Her Majesty The Queen Respondent
and
The Attorney General of Canada,
the Attorney General for Ontario,
Aboriginal Legal Services of Toronto Inc.,
the African Canadian Legal Clinic,
the Urban Alliance on Race Relations (Justice)
and the Criminal Lawyers’ Association (Ontario) Interveners
Indexed as: R. v. Williams
File No.: 25375.
1998: February 24; 1998: June 4.
Present: Lamer C.J. and L’Heureux‑Dubé, Gonthier, Cory, McLachlin, Iacobucci, Major, Bastarache and Binnie JJ.

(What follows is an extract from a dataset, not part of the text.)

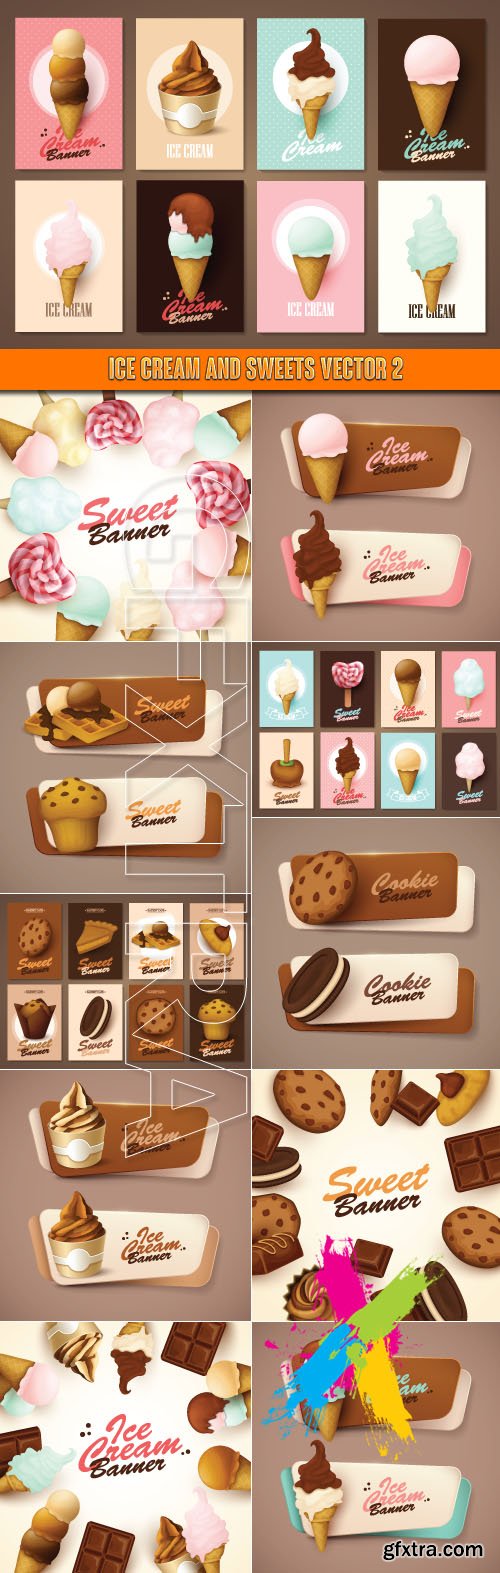 Ice cream and sweets vector 2

on appeal from the court of appeal for british columbia
Criminal law ‑‑ Trial ‑‑ Procedure ‑‑ Challenge for cause ‑‑ Racial bias ‑‑ Whether prospective jurors can be questioned as to racial bias ‑‑ Criminal Code, R.S.C., 1985, c. C‑46, ss. 638,, 649 ‑‑ Canadian Charter of Rights and Freedoms, ss. 7, , 11(d), , 15(1).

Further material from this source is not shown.